Weekend Reads: - Smart Energy Decisions

October 30, 2021

Weekend Reads: The COP26 Edition

It's the weekend! Kick back and catch up with these must-read articles from around the web.

COP26 – We’re toast, but let’s toast Glasgow! (BloombergNEF) Next week, the world’s climate elite roll into Glasgow for COP26, after an extra year’s delay caused by the Covid pandemic. John Kerry, President Biden’s special envoy on climate and former Secretary of State has called Glasgow the world’s “last best hope for the world to get its act together”. Greta Thunberg, the world’s most-quoted climate activist, has dismissed the entire UNFCCC process as “30 years of blah, blah, blah”. Implied in both of their statements is the idea that Glasgow has to produce some kind of miracle outcome to be considered a success. This is incorrect on two levels. First, it misrepresents the time it takes to build new economic, financial and trading world orders – the long-term impact of Bretton Woods was by no means immediately apparent in 1944. Secondly, and more importantly, Glasgow’s success in underlining the long-term power of the Paris Agreement is all but assured.

Hertz deal isn’t just tipping point for Tesla and EVs, but car rentals in climate change era (CNBC) The economics of the rental car industry give companies including Avis Budget Group and Enterprise Holdings multiple reasons to go slow on the adoption of electric vehicles. Just think of how much money they make every time a renter forgets to return a car with a full gas tank. But on Monday, the rental car companies received the biggest reason yet to move quicker to EVs as part of their fleets. The deal between Hertz and Tesla for 100,000 vehicles is a signal to the major car rental companies that a strategy for EVs is going to be needed, and maybe sooner than they had planned on it.

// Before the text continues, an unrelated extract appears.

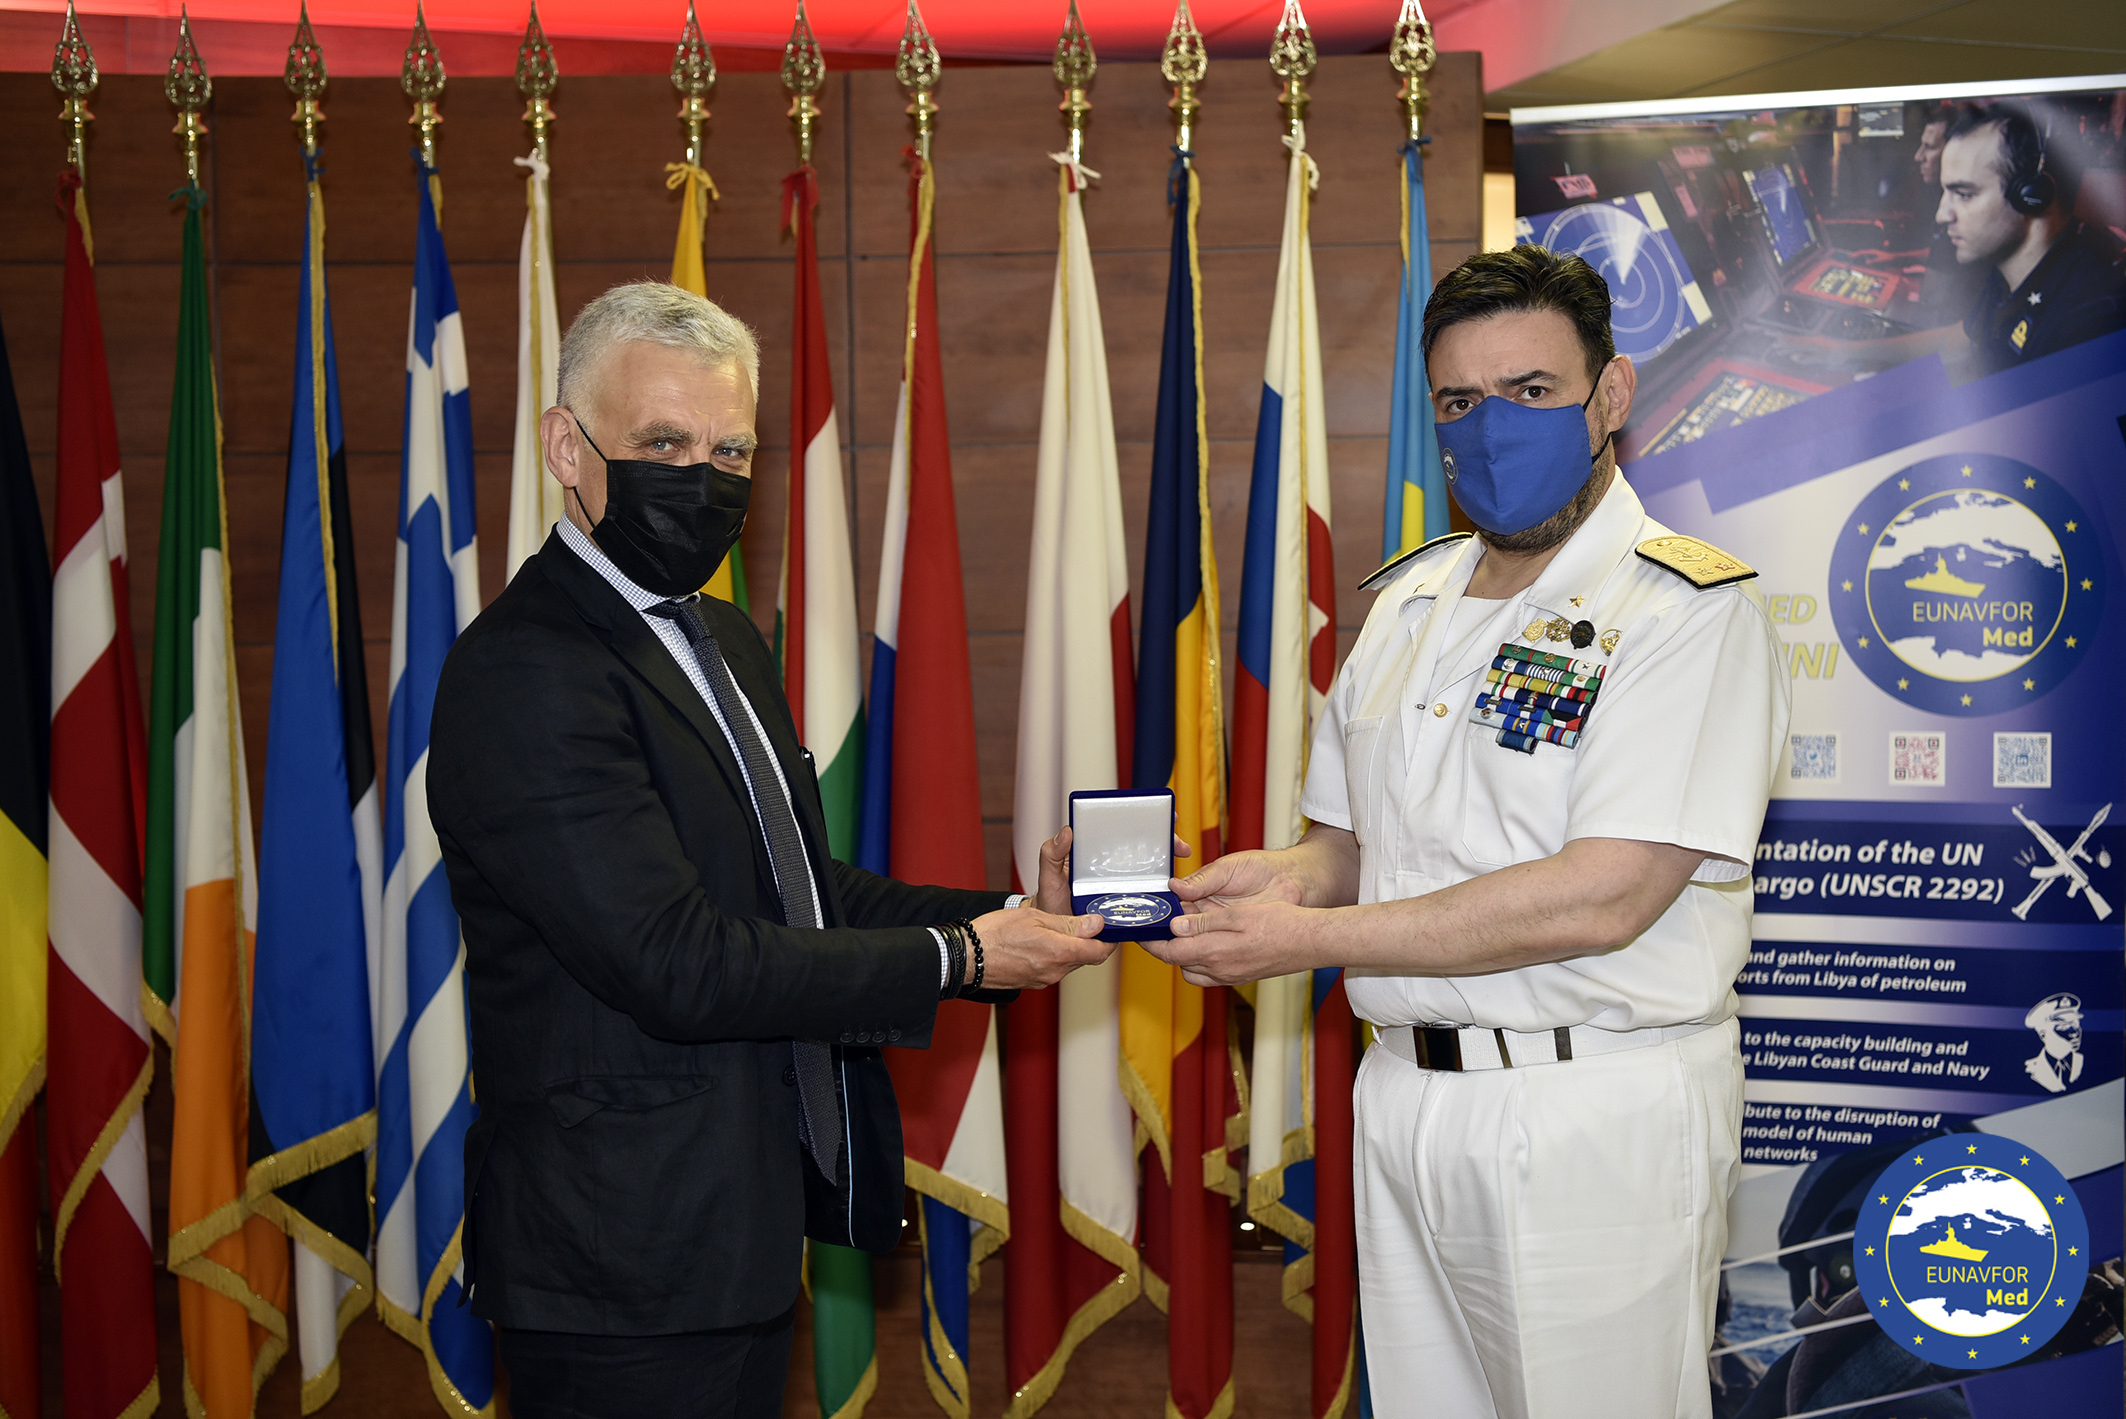 The Acting Director General for European Neighbourhood and Enlargement Negotiations (DG NEAR) Mr. Maciej POPOWSKI visited Irini's headquarters

Why COP 26 Has To Succeed (Forbes) What happens if COP 26 doesn’t put the world on a 2°C or lower pathway? We released WoodMac’s latest Energy Transition Outlook (ETO) last week. The analysis projects global energy demand and supply across all sectors through to 2050. It’s a bottom-up, integrated model: energy demand forecast by sector for every country; and the supply of energy, metals and bulk commodities to meet it sourced from our asset database. The ETO shows what happens if COP 26 fails to lay down the law on collective goals and actions to tackle climate change. The ETO assumes that policy and technology continue to ‘evolve’ much as they are doing now. Nations, industries and people strive to reduce emissions and are successful up to a point. But it’s patchy – the easier gains are made, the tougher ones lag.

The bumpy road to India's electric car dreams (BBC) India sold more electric vehicles in September than any month previously. Sales have been rising since April - the start of this financial year - and are already nearing the previous year's total. It's a glimmer of hope for an industry that has been struggling with a global shortage in semiconductor chips, coming on the heels of a period of sluggish growth. But it's only a glimmer. Electric vehicle sales - 121,900 this financial year - account for only 1.66% of India's 20 million automobile sales, according to the Delhi-based think tank Council on Energy, Environment and Water (CEEW). Some electric vehicle firms, especially makers of two-wheelers, are betting big, but the demand is lukewarm for cars and commercial vehicles like lorries. Prime Minister Narendra Modi's government is trying to change that with a $3.5bn (£2.5bn) scheme to boost manufacturing.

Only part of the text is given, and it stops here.